## Task brief
From the line that holds "Lightning To 3" down to the last line of the listing below, transcribe exactly and only those lines. Leave pictures out.

## Provided material

--

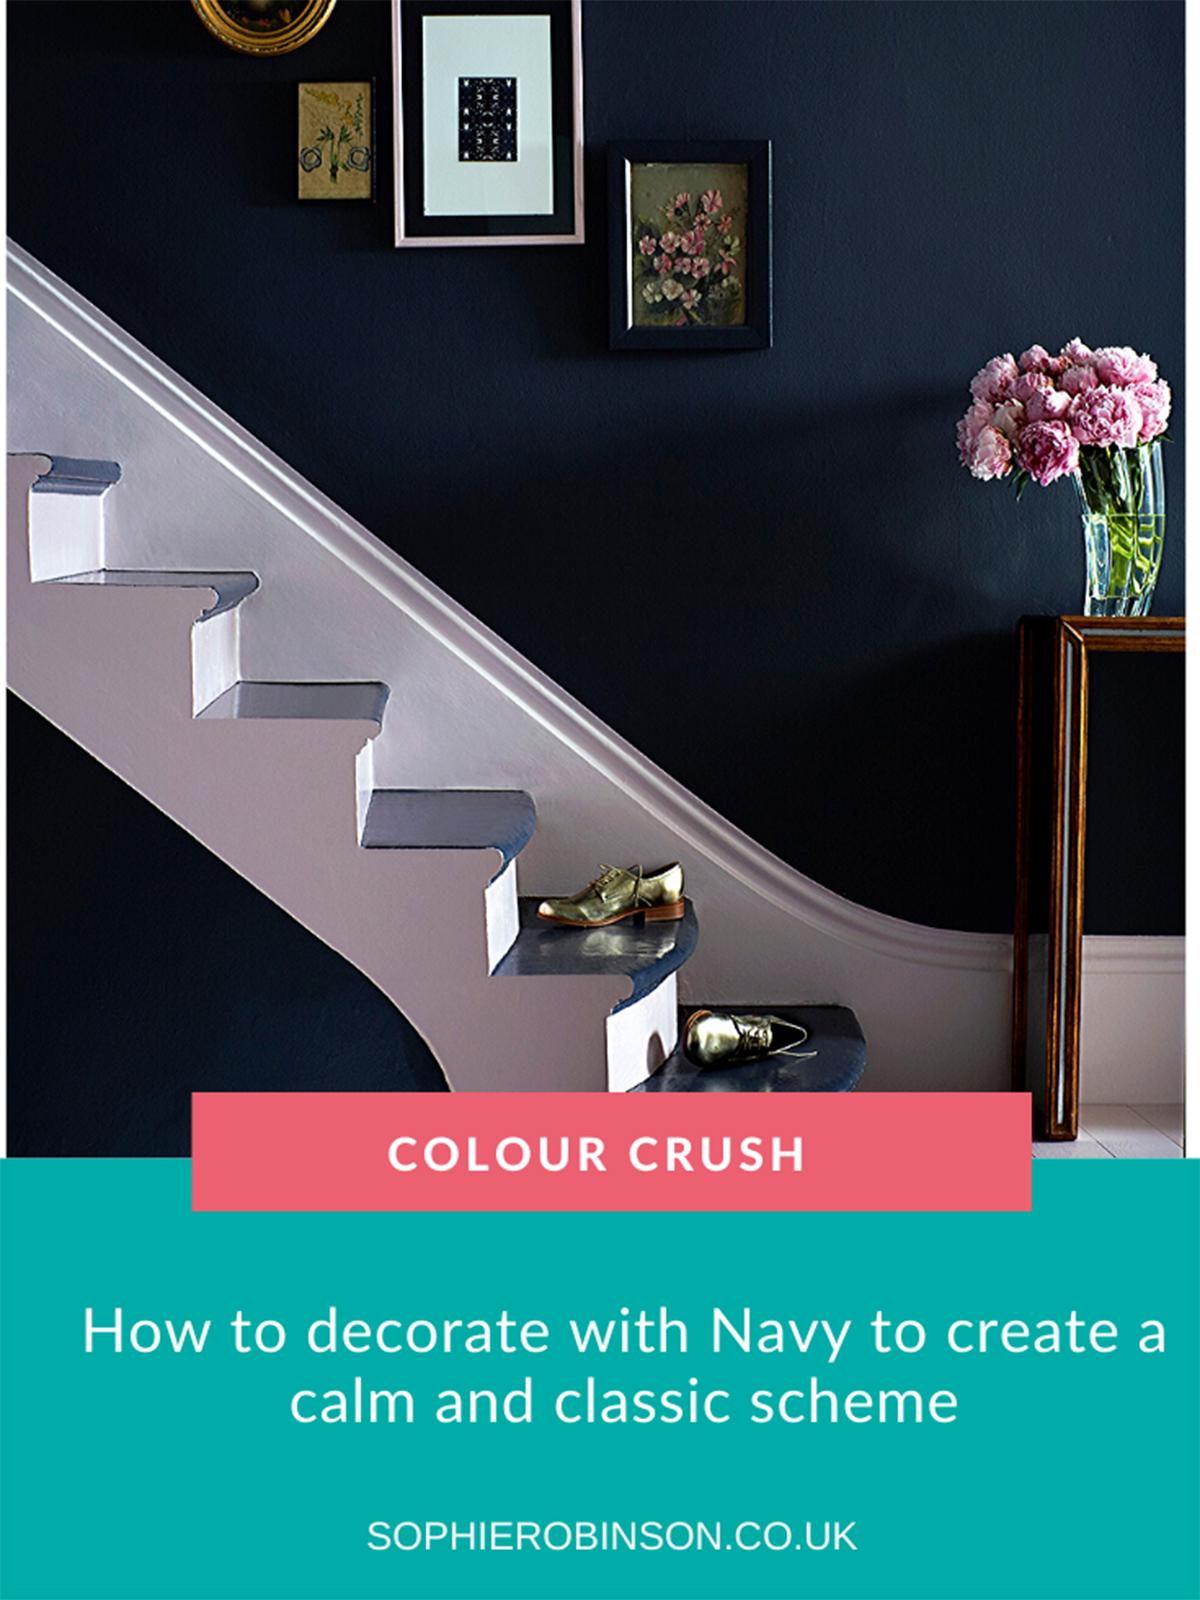 Interior Designer Sophie Robinson looks at ways of introducing navy to an interior scheme. #navy #sophierobinson #colourcrush
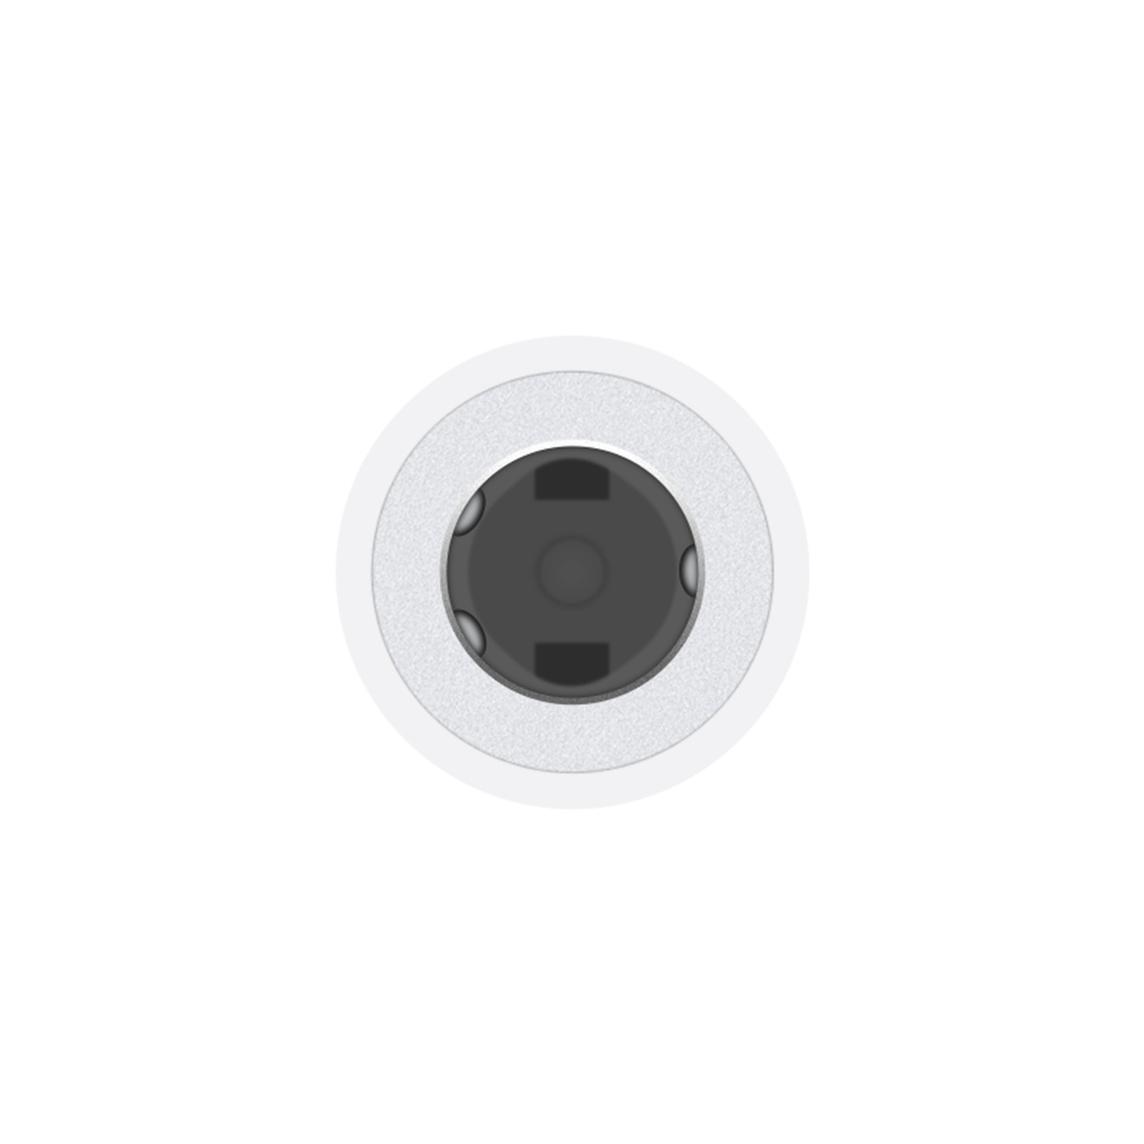 Lightning To 3 5mm Headphone Jack Adapter Apple In
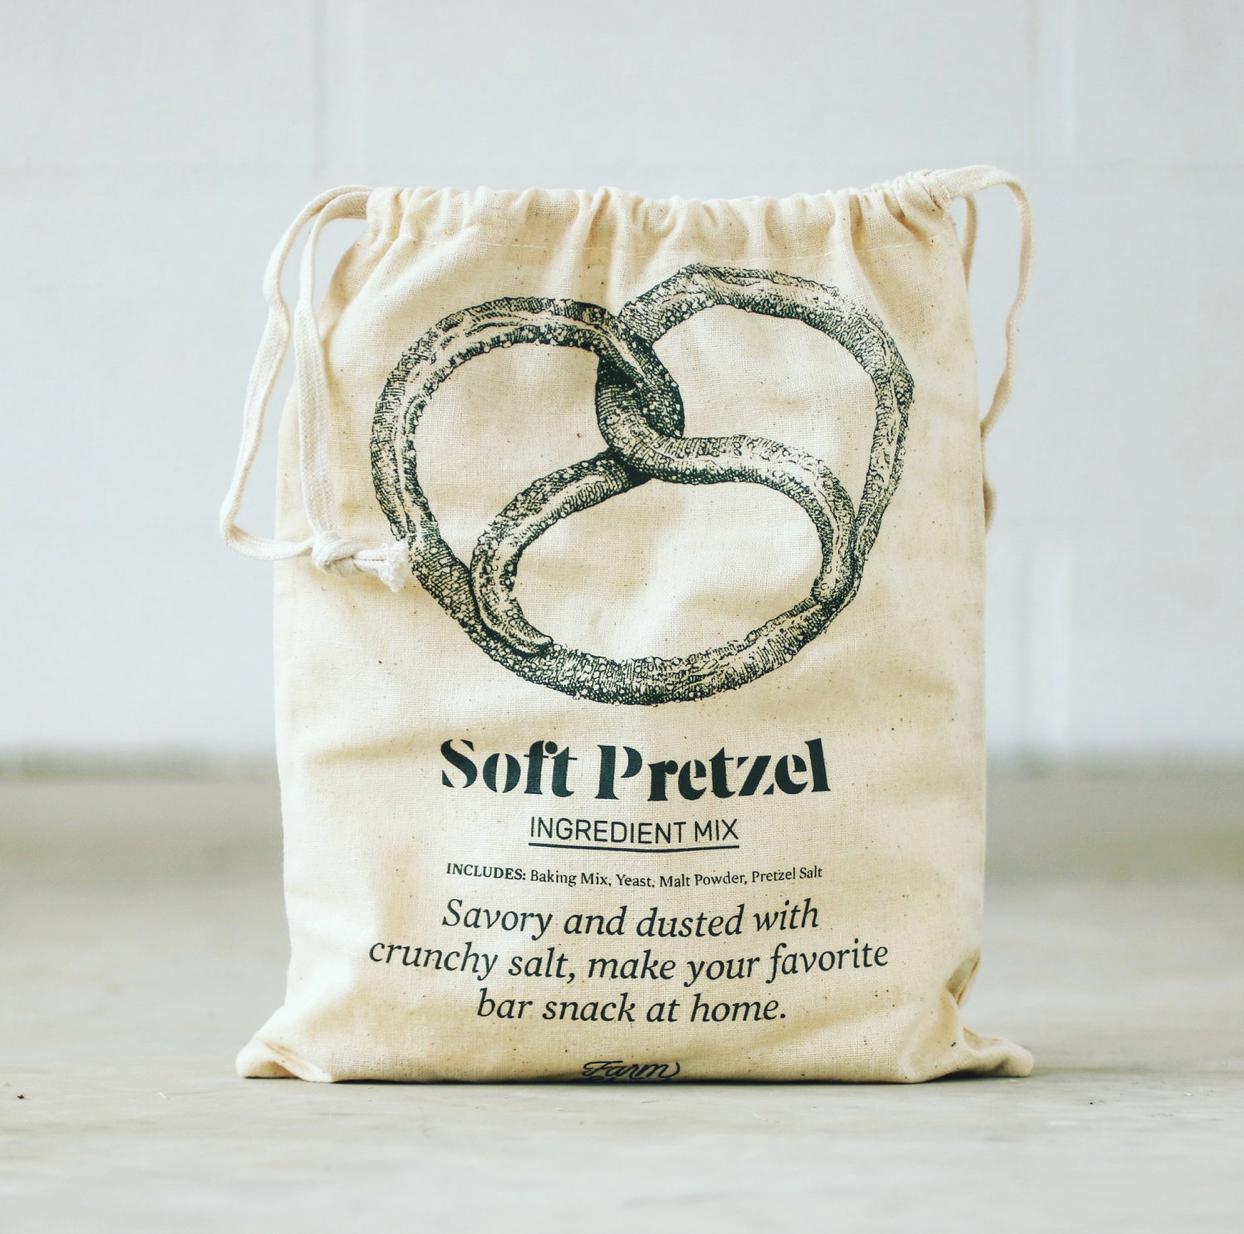 FarmSteady Soft Pretzel Making Mix

--

## Response to the task
 Lightning To 3 5mm Headphone Jack Adapter Apple In
 FarmSteady Soft Pretzel Making Mix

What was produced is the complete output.